Parallel Software and the PSC Community: Breaking the Barrier
Sergiu Sanielevici, Manager of Parallel Applications, PSC
sergiu@psc.edu
- The Challenge of Realism
From cosmology to biochemistry, from regional severe weather prediction to global climatology, from automotive and aerospace engineering to the creation of new materials and processes, there are thresholds of realism and timeliness below which simulation results are insufficient, irrelevant, or misleading. A numerical model must describe enough detail to capture the essential dynamics that drives the physical reality.
A large, powerful, balanced, and stable supercomputing system (hardware and system software) is only the beginning. It is up to each scientific or engineering application to use the raw potential of the supercomputer efficently enough to meet the requirements of the practitioner, such as: "Evolve a 50,000 atom system over 5 nanoseconds of simulation time within 8 hours of wallclock time" or "Complete the 7-hour storm-scale weather forecast run in 20 minutes wallclock time".

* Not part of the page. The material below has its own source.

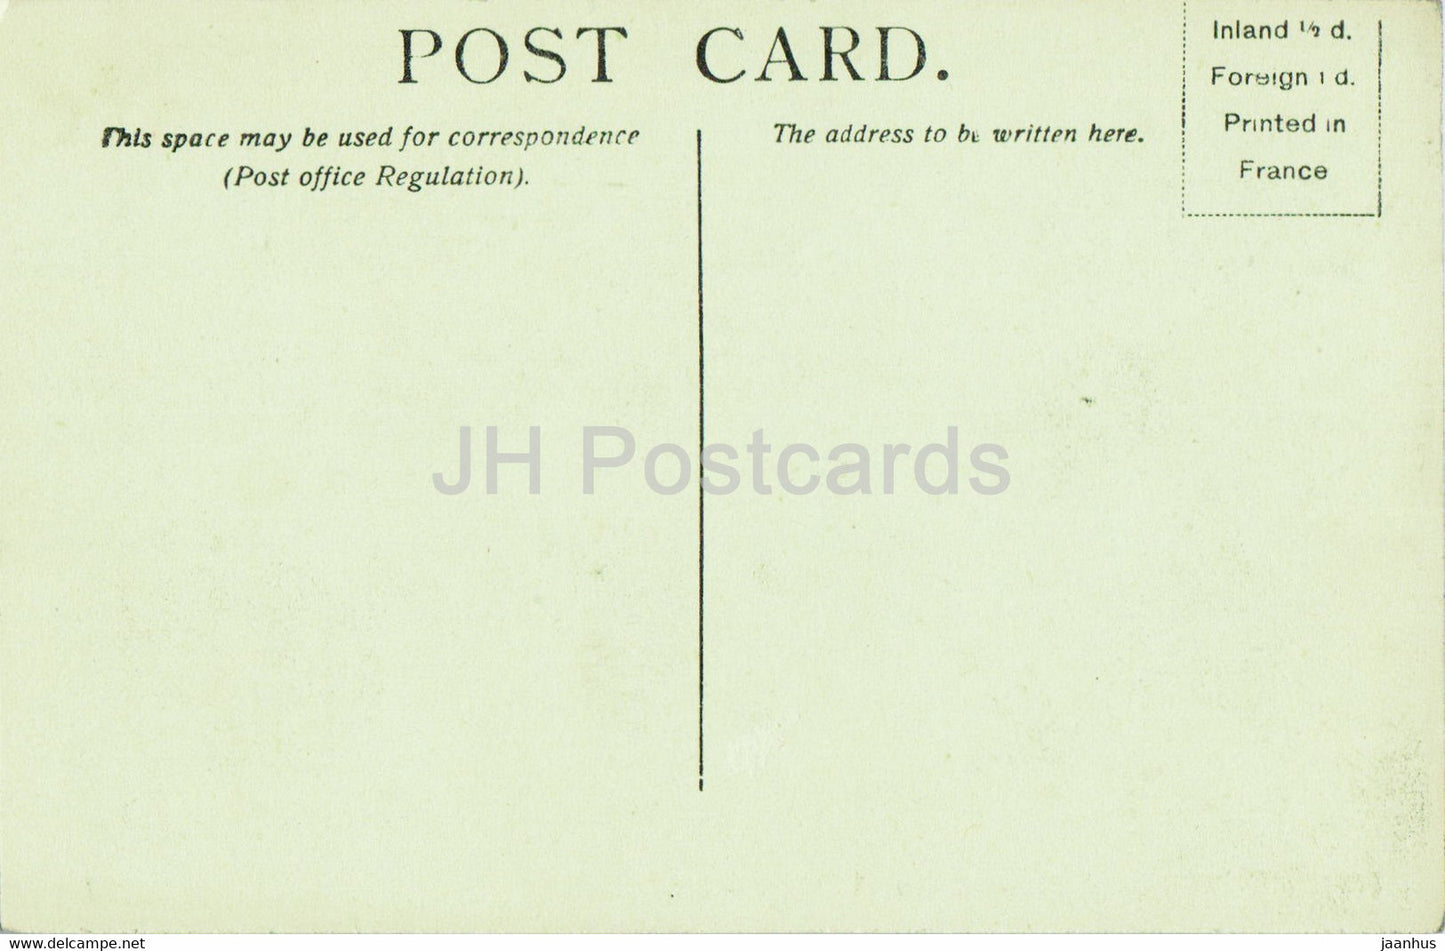 Windsor Castle - St. George's Chapel - 922 - alte Postkarte - England - Vereinigtes Königreich - unbenutzt

- PSC's T3D: First to Realism
In many areas of science and engineering, the first-ever crossing of this
"threshold of realism" was achieved in the period 1994-1996, on the PSC's
massively parallel Cray T3D. Breaking the realism barrier is heralded by
simulations that reproduce previously unexplained experimental results and
that, better still, predict results yet to be confirmed by improved
experiments. For example, Brooks et al. discovered a small amount of helical
structure, falling below experimental detection limits, which appears in the
dynamics of the unfolded state of a protein and then serves as the nucleus for
protein folding.
Kollman et al. overcame limitations of previous simulations of DNA and RNA,
which had erroneously predicted these molecules to be unstable and failed to
reproduce the observed convergence of variant forms of DNA.
Similarly, the MICOM group's T3D simulations were the first to achieve sufficient resolution in modeling of circulation in the Atlantic Ocean to correctly predict the course of the Gulf Stream.
<
Woodward's and Porter's simulations of compressible convection beneath the
surface of the sun revealed new, unexpected features while showing other
features predicted by theory, which all previous simulations had lacked
sufficient resolution to test. Only at the resolution afforded by the full
512-processor T3D were Taylor et al. able to confirm that interactions among
booster plumes were responsible for the malfunction of a Delta II rocket.

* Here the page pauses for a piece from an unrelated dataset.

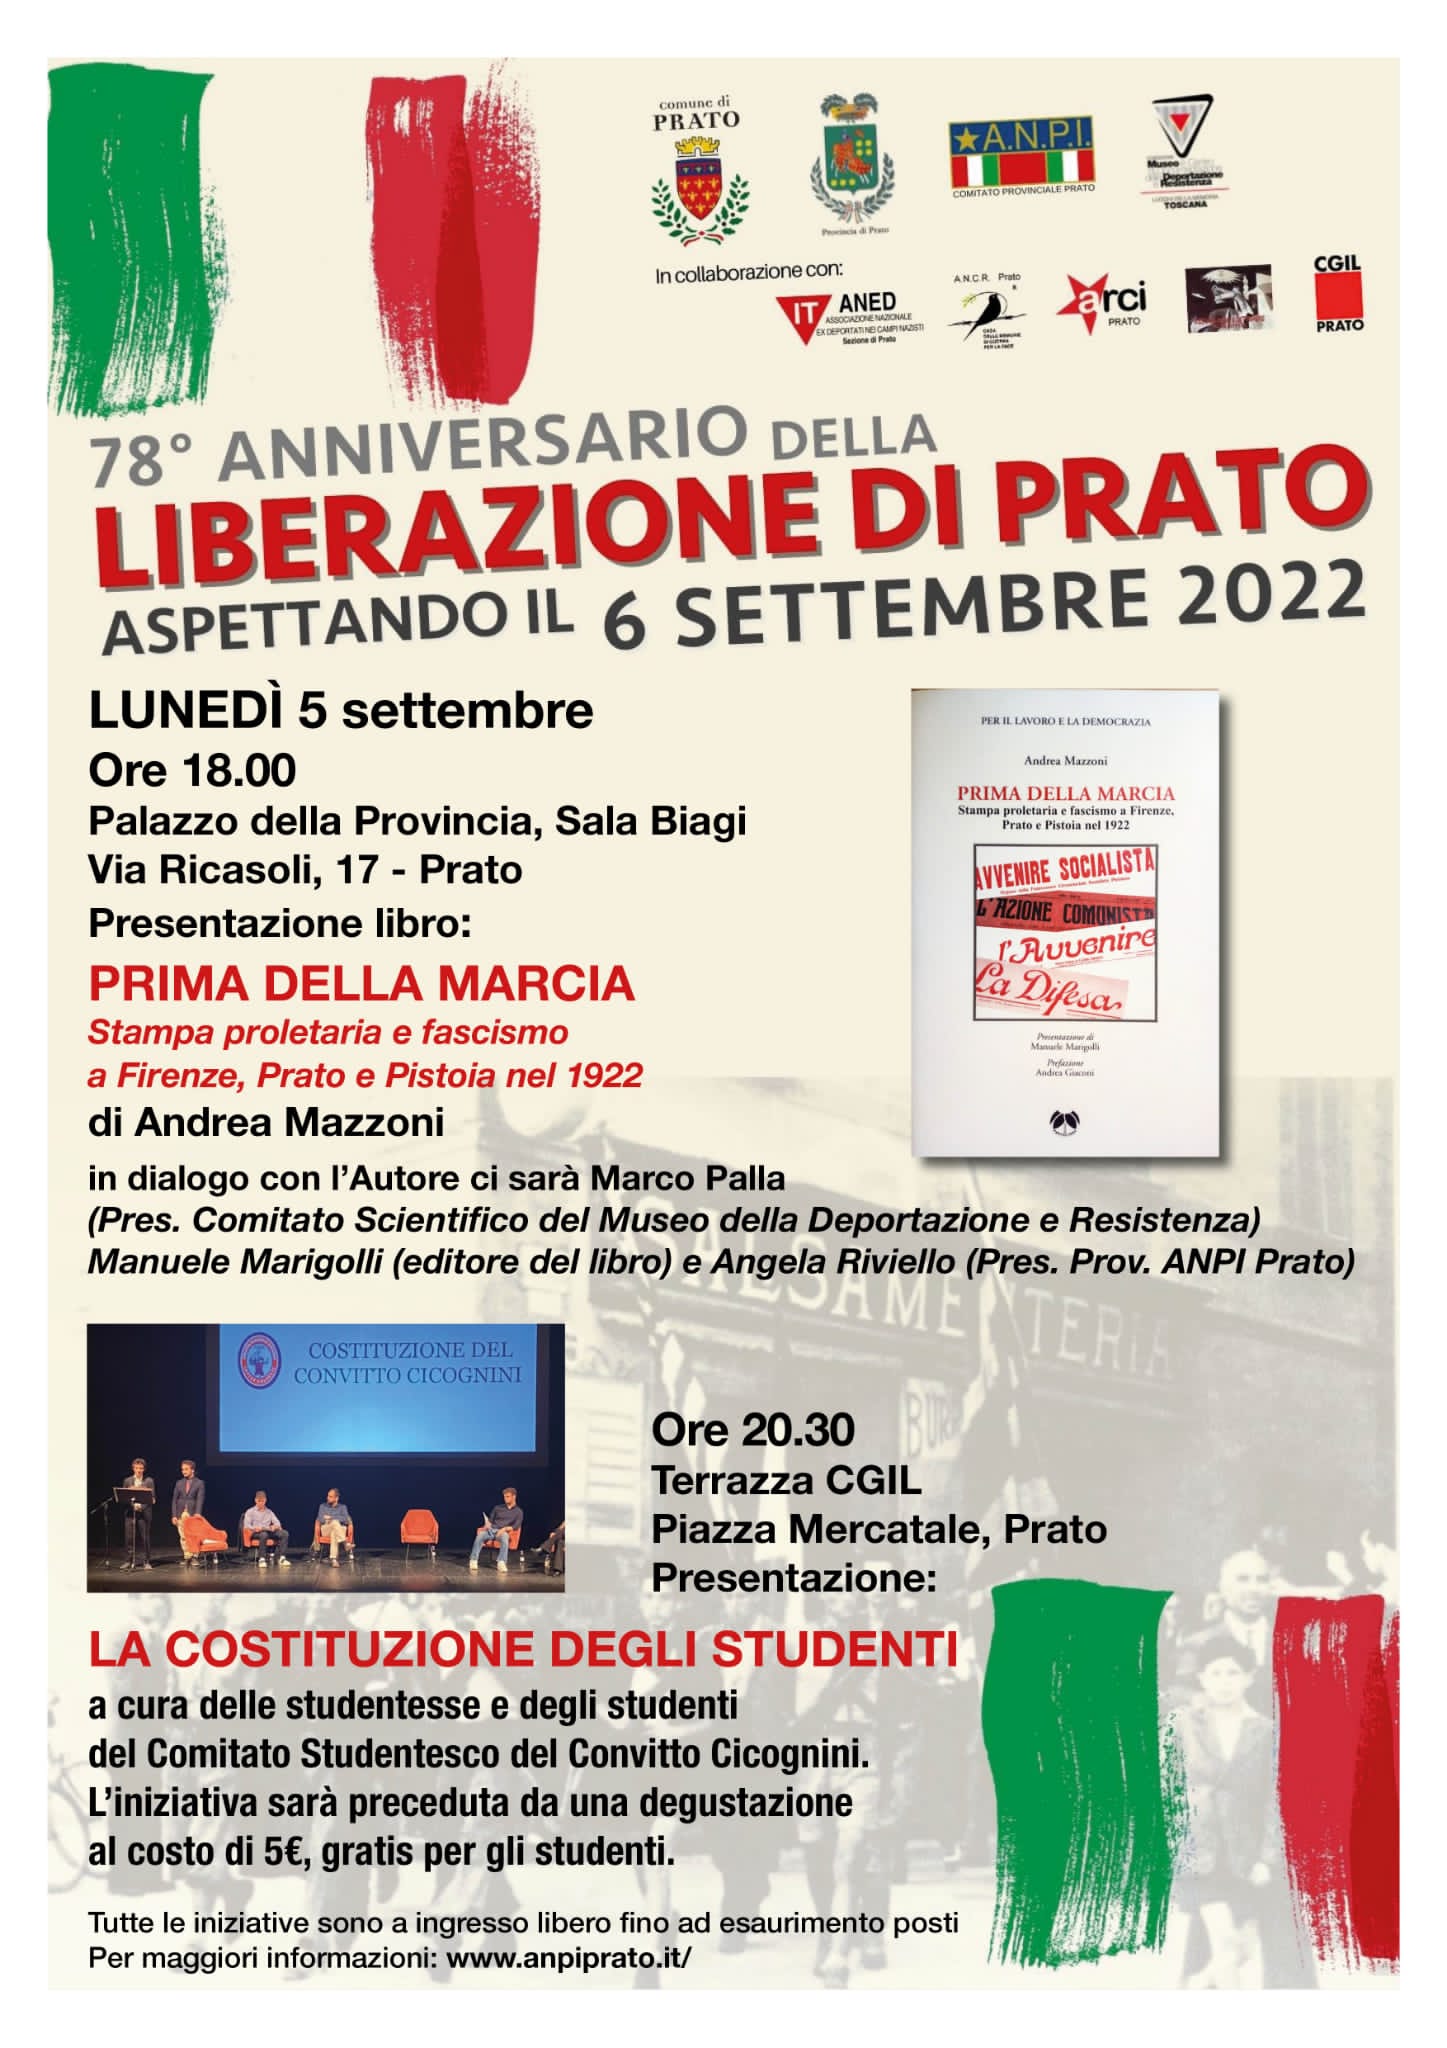 Festa della Liberazione di Prato, aspettando il 6 settembre: presentazione del libro “Prima della Marcia” di Andrea Mazzoni

During their Spring 1996 operational testing campaign, Droegemeier et al.
were able to run their ARPS model at 3 km resolution over the prediction
region, resulting in successful forecasts on eight of the 10
days storms occurred, an unprecedented success rate. However, a
seven-hour forecast took about 100 minutes to complete, too
long for true operational use. That will require the forecast run to
complete in 15-30 minutes, the resolution will have to be 1 km,
and the forecast region will also need to be increased.
- Developing Efficient Parallel Applications: Challenges and Results
While it is now clear that large-scale parallel systems are needed to achieve realistic scientific and engineering simulations, it is also true that the task of developing efficient applications software for such machines is a complex one. The problem must be mapped onto the architecture of the machine in such a way that each processor stays as busy as possible (and its design features are used to the maximum); when results need to be returned and new inputs fetched, each processor should always be able to do so to or from the closest possible memory store (minimizing the time it must wait until it can resume computation). Communication between processors, as well as I/O, amounts to overhead cost, and thus should be managed thriftily. Complicating matters, parallel supercomputers are still such that maximum performance on one given brand can only be achieved at the expense of some portability to other machines.

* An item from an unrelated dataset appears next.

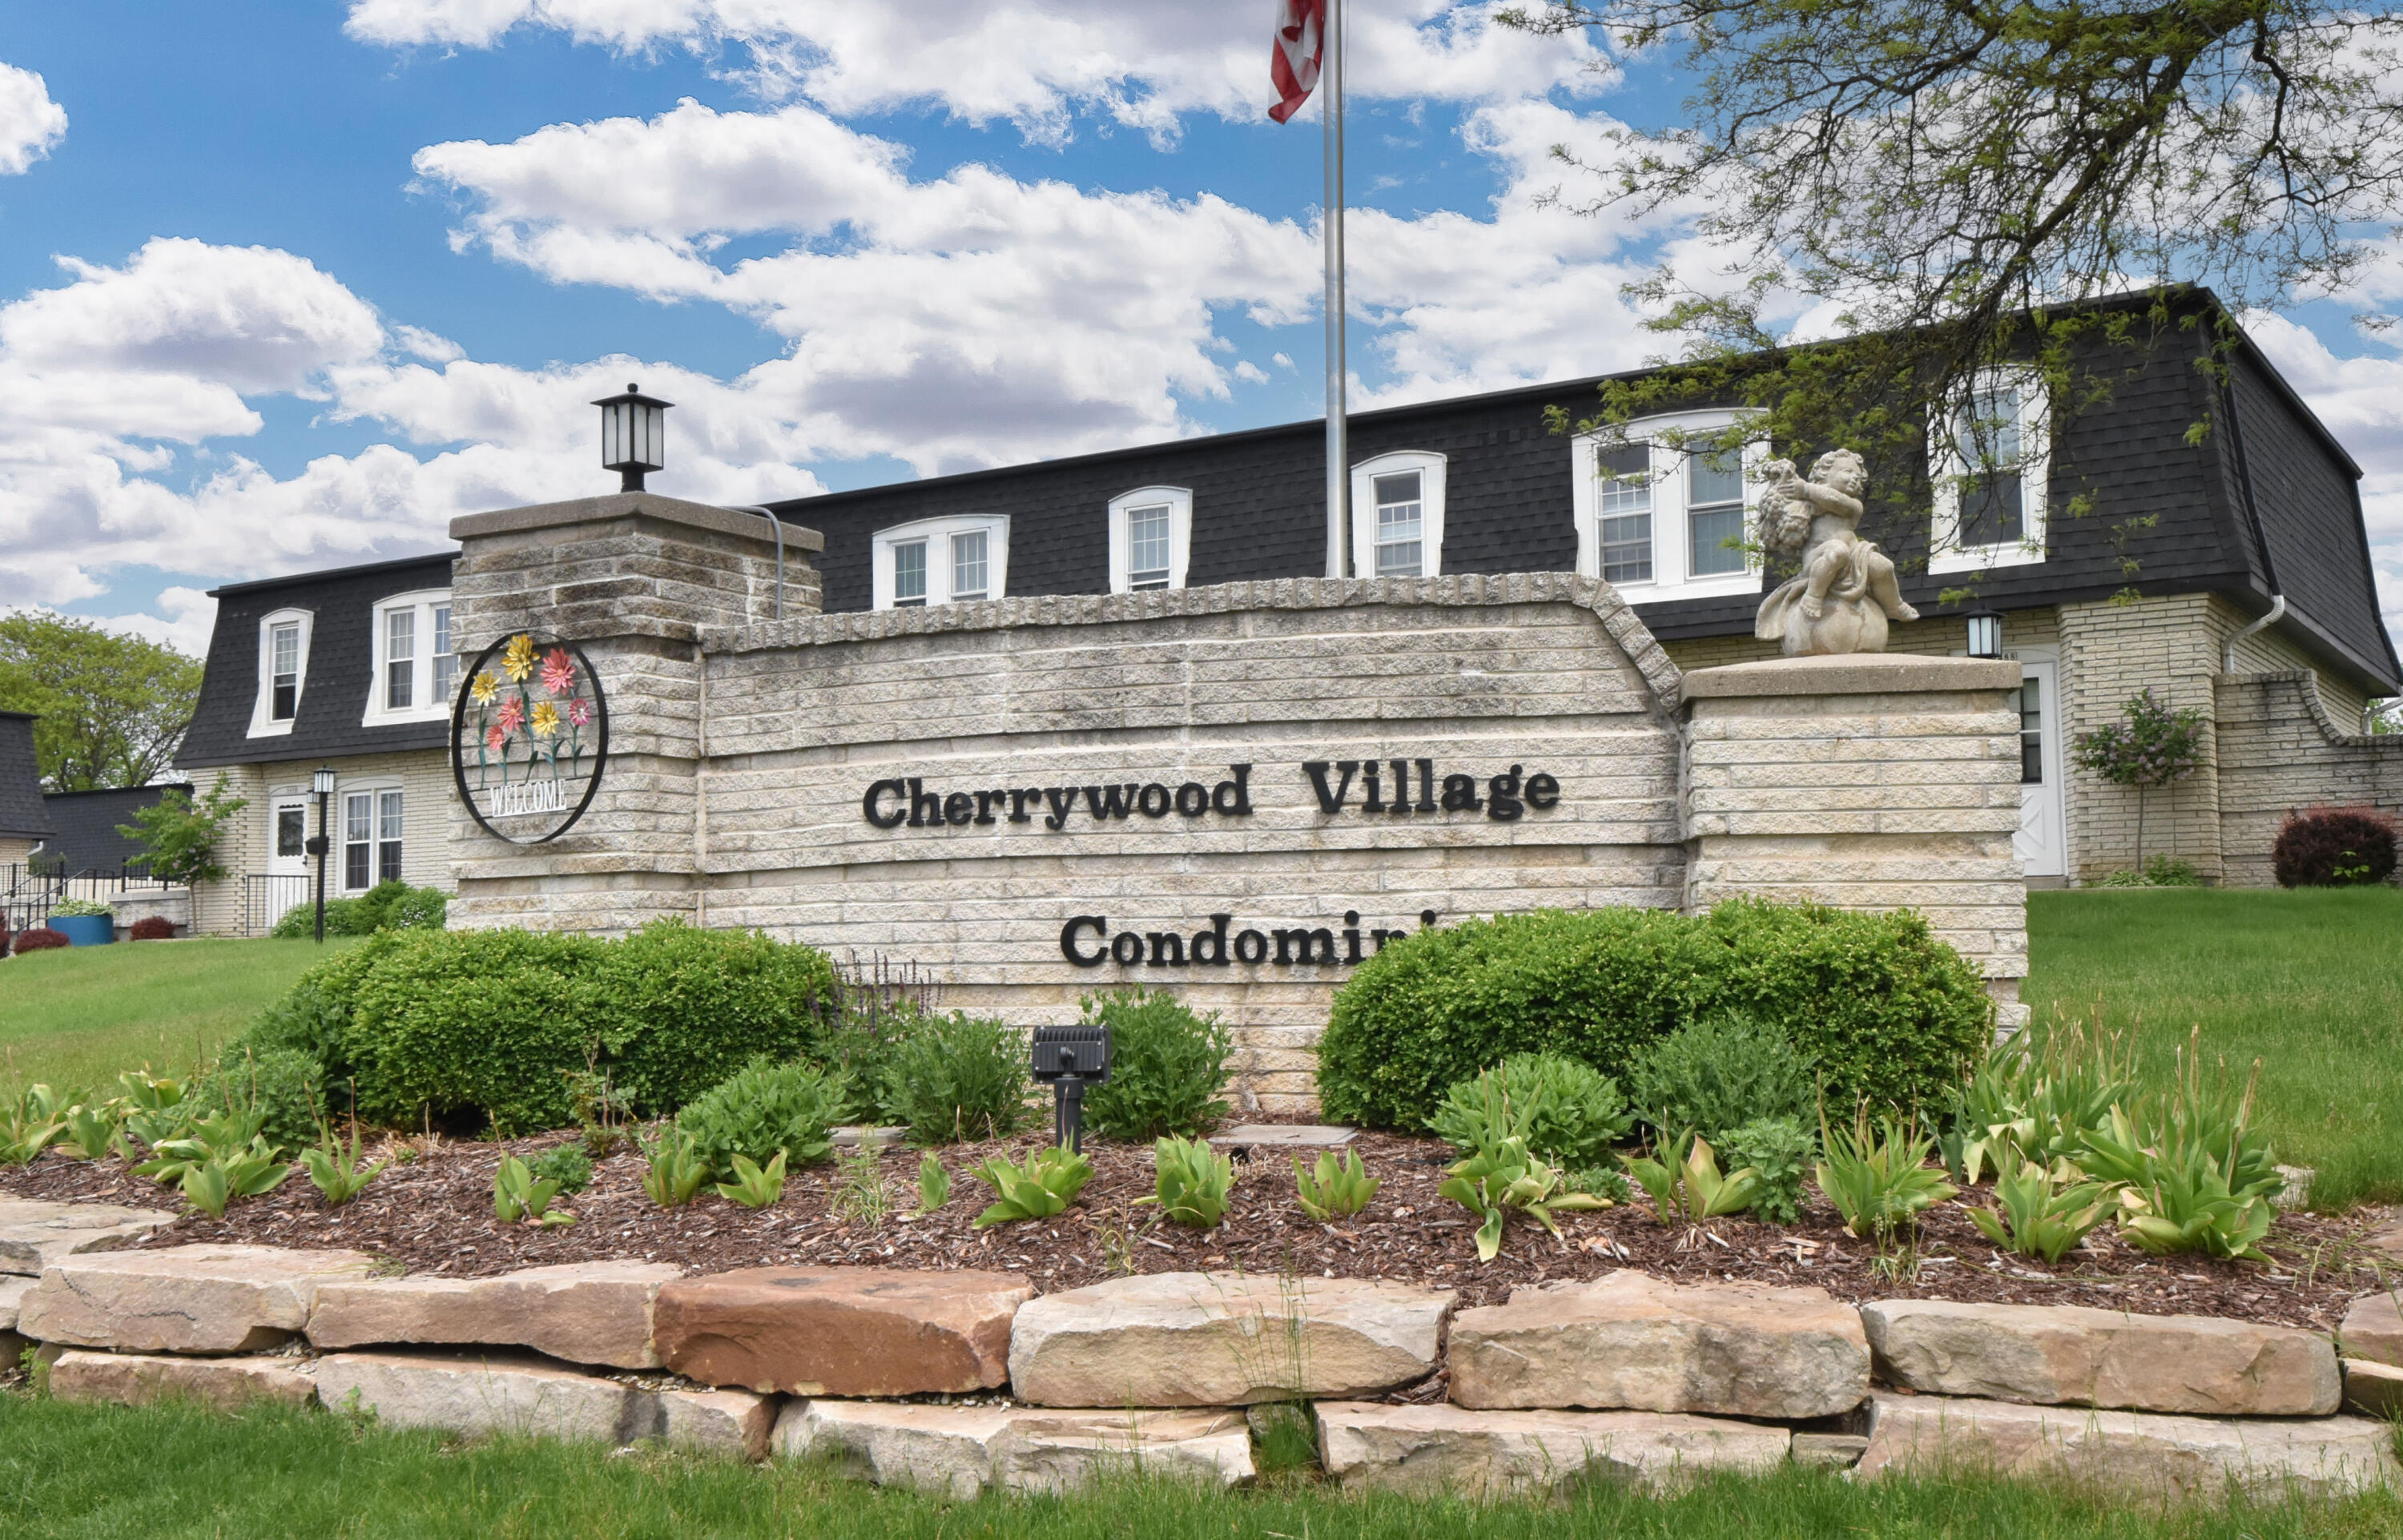 Cherrywood Village

Given enough time, an applications developer could revisit the simulation algorithm and modify or replace it to meet these requirements. Even though many PSC user groups develop and use their own codes, few can afford to scrap programs developed over many years for workstations or vector supercomputers. This is even more true, of course, for software vendors and community code developers and for those PSC users whose research relies on such codes. Yet the above examples demonstrate that many PSC users have succeeded in achieving scientific breakthroughs on the T3D... as do the following numbers:
Our T3D has served 1035 users working on 175 projects since 1993. Weekly system utilization (processor-hours used vs. total possible) consistently exceeded 80% over the past year, approximately 25% of which went into runs using the full set of 512 processors. The average performance over the 20 most utilized codes, each code's performance being weighted by its share of the yearly usage, is 23 Mflops/PE (the theoretical peak being 150 Mflops/PE). The PSC record for a complete scientific code is held by Alan Benesi's NMR analysis code, whose 76.5 Mflops per processor scales linearly to 39.2 Gflops on 512 processors (out of 76.8 Gflops theoretical peak).
The successor to the T3D, our 256-processor Cray T3E, has operated in friendly user mode since October 1996 and is scheduled to go into production April 1. So far, it has served 132 users, working on 41 projects. Its weekly utilization has consistently exceeded 80%, of which almost 25% involved the full set of 256 processors. The speedup over the T3D depends on the code as well as on the specific problem dataset, being affected to varying degrees by the doubling of the processor speed, dual instruction issue, the addition of a secondary cache, other differences in memory access, and the still evolving maturity of library optimizations. We have seen speedups ranging from a factor two to a factor ten.
- The Key: An Open Development Community
How were so many PSC users able to produce science despite the complexities of applications software development for large-scale parallel computers? We have managed to pull together an open parallel applications development community involving people and groups both inside and outside PSC, who have a stake in the effective use of this machine. The joint PSC-Cray Parallel Applications Technology Program (PATP) established an extraordinary feedback and cross-fertilization loop by which facts, fixes, tips and tricks flow rapidly from Cray's T3D and T3E teams to PSC's internal application developers and user consultants, and on to the PSC's users and development partners.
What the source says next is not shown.